───── The records

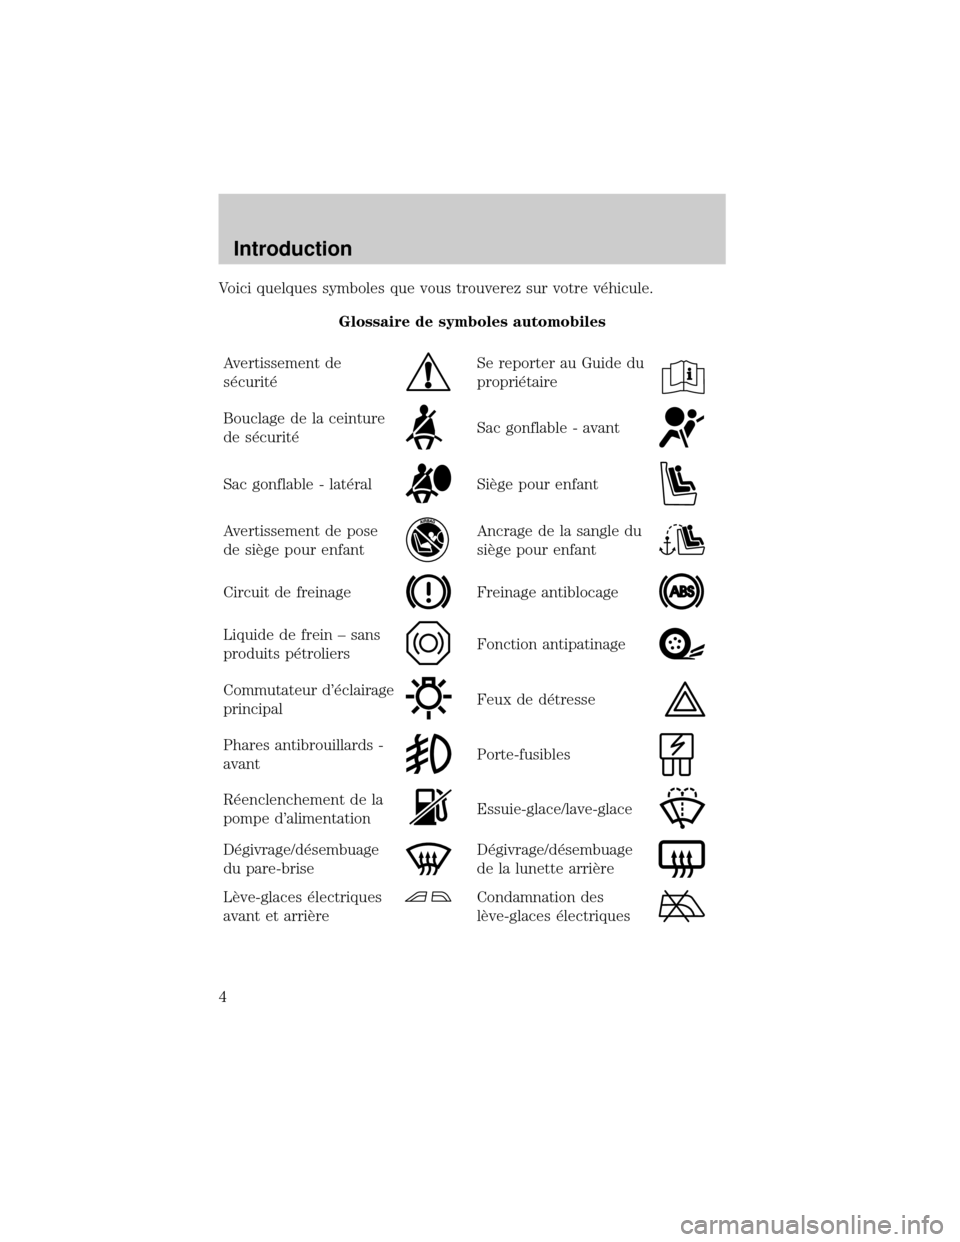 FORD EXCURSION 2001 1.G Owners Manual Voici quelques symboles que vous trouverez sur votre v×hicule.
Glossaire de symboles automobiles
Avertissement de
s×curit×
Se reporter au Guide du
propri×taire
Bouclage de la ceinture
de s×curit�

──────────

*Exercise requirements:* Once you reach the line that contains "Avertissement de", print it and every line after it exactly as written, stopping at the last line of the records and adding nothing.

*Exercise answer:*
Avertissement de
s×curit×
Se reporter au Guide du
propri×taire
Bouclage de la ceinture
de s×curit�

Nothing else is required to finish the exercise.